Con un linguaggio sferzante e crudo, Fuani contrappone così chi vuole “svignarsela” e chi “non molla il colpo”. Tutti morti viventi, come l’Italia paralizzata dal virus dietro le finestre, a guardare una vita che non può vivere. E come lei, l’autrice che prosegue il racconto di Svegliami a mezzanotte, parlando della sua esistenza part time, le giornate a letto, in pigiama. Come una vecchia, dentro e fuori, giunta al capolinea, incapace di uniformarsi, di rispettare le regole di una società resa immobile e stagnante dal suo tossico perbenismo.

“Forse vedo connessioni dove non ce ne sono, e tuttavia credo che la rimozione della morte, il modo in cui quest’ultima viene continuamente omessa nella nostra società, più che in altri momenti storici, abbia molto a che fare con le misure adottate contro il virus. Abbiamo smesso di dare la morte per scontata, finché grazie al progresso e alla scienza quest’ultima è diventata inaccettabile a qualunque età, va evitata sempre e comunque, a qualunque prezzo”.

Talvolta si continua ad andare avanti, anche se si è come morti, quando non si può più rimediare. Il lockdown ci ha insegnato che la vita può essere anche sospensione. Raccontare la malattia, diventa così tanto più importante in un momento di limitazioni stressanti, di perdita di equilibrio, di confinamento estraniante.

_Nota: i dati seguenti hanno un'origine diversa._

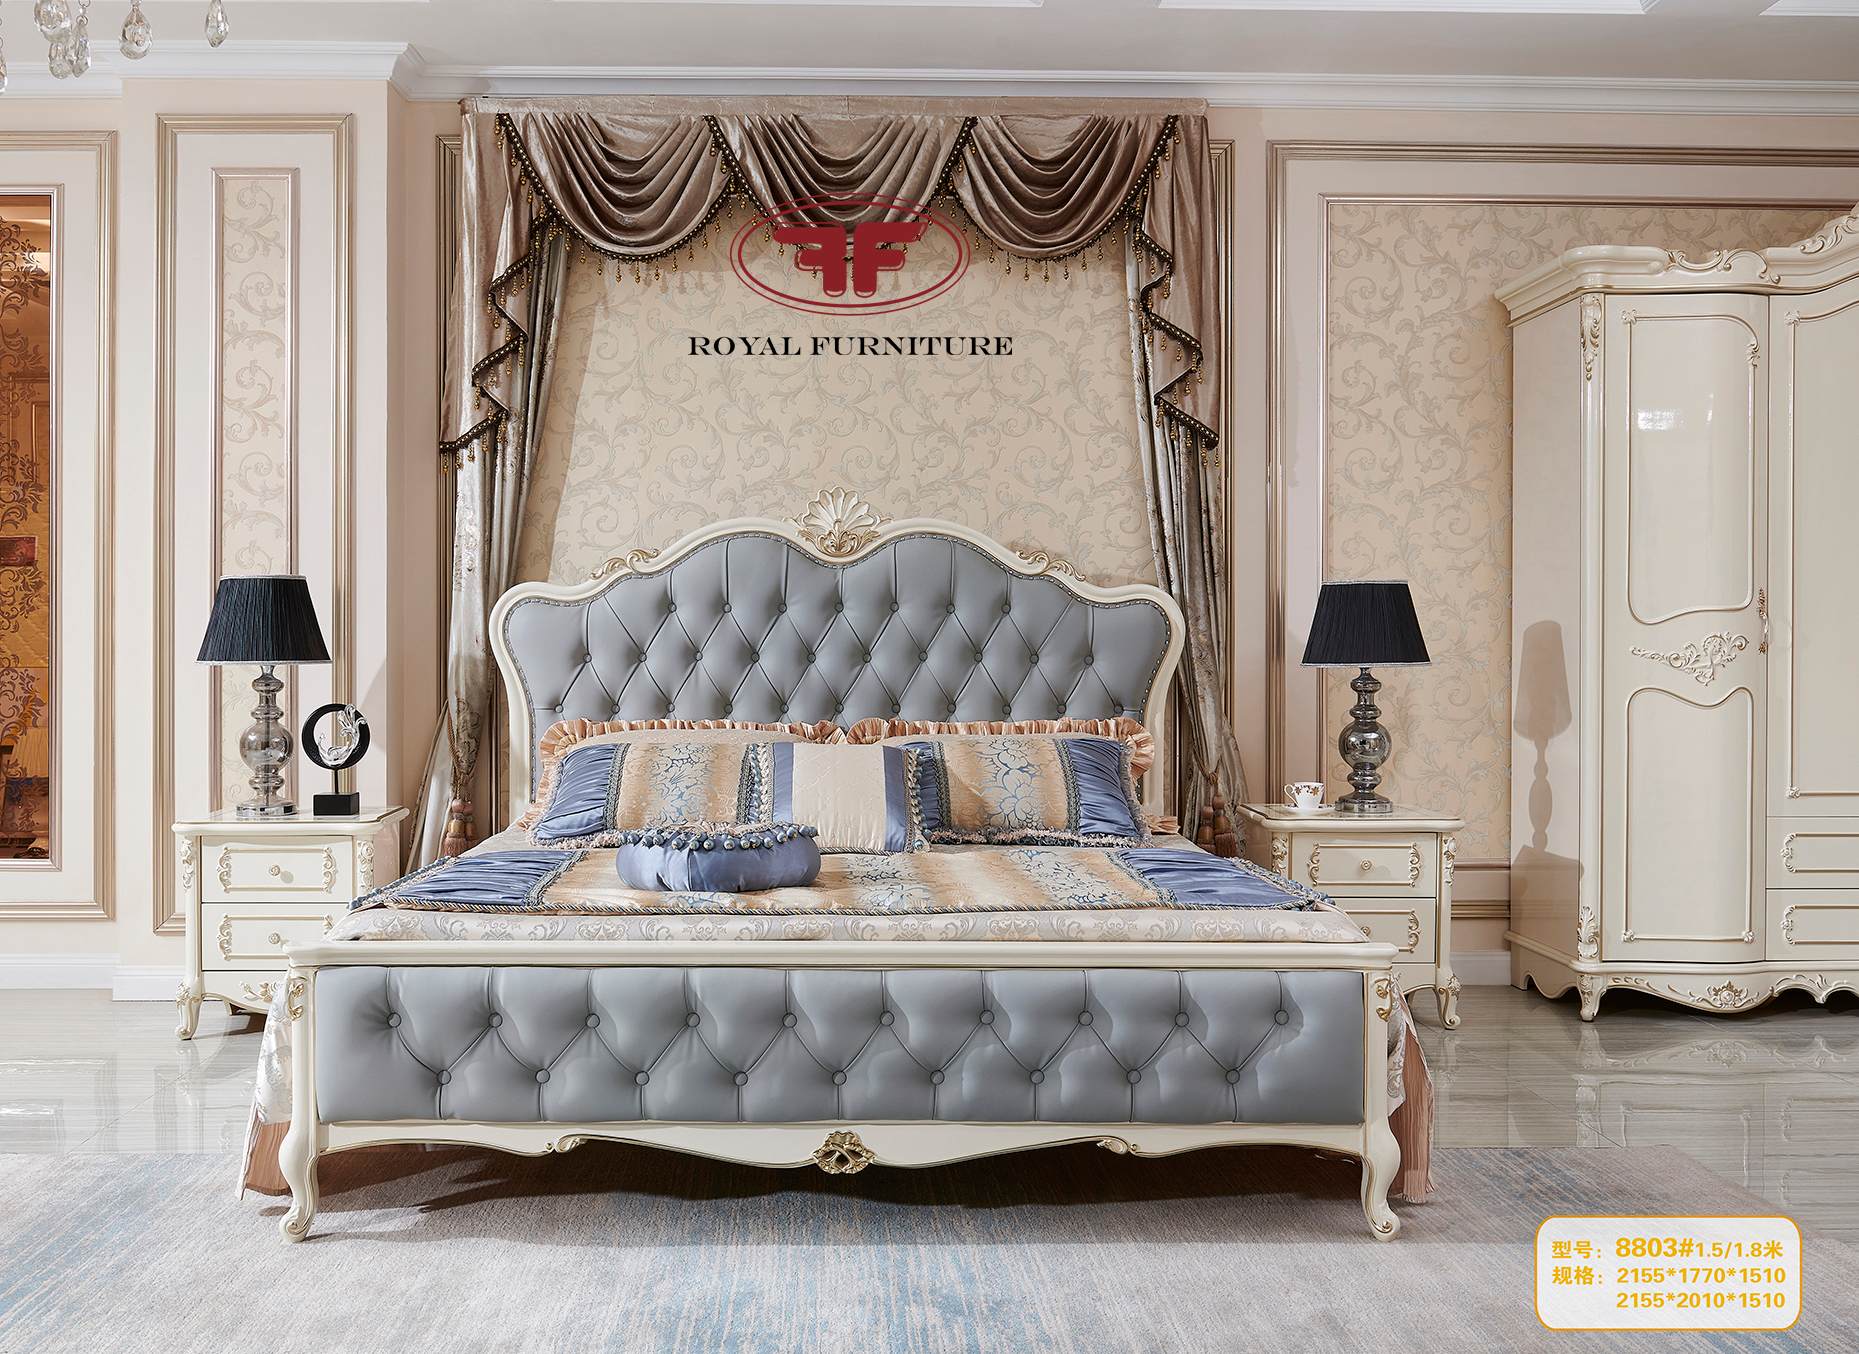 Với chất lượng hàng đầu từ các thương hiệu nổi tiếng trên thế giới, giường ngủ nhập khẩu tân cổ điển chắc chắn sẽ làm hài lòng những vị khách khó tính nhất. Với sự đa dạng về kiểu dáng và màu sắc, hãy để hình ảnh giúp bạn lựa chọn sản phẩm phù hợp nhất cho phòng ngủ của bạn.

Escono, nelle pagine di Vecchiaccia, i momenti più veri di paure, di ossessioni, di fragilità, e timore dell’abbandono, lo scivolare nell’irrazionalità: il rapporto con il marito, con un corpo che non si aggiusta più, con la figlia che cresce, e con le medicine, sempre presenti. 

Vecchiaccia è un libro fiero, lucidamente e ironicamente irrispettoso del pensiero comune, e guida a una comprensione dell’animo umano con uno stile limpido, affilato e con un’onestà sconcertante. Perché parlare di vecchiaia e di morte è sicuramente impopolare: viviamo in una società che rifugge questi pensieri, spesso privandosi anche delle parole stesse, edulcorandole. 

Abbiamo finito per rinnegare la morte: ma chi ha più paura di vivere che di morire, ci ricorda quanto sia necessario, e naturale, parlare di caducità della vita.

“Continueremo a temere la morte, illudendoci di poterla in qualche modo aggirare. Ma non sarà cosí”.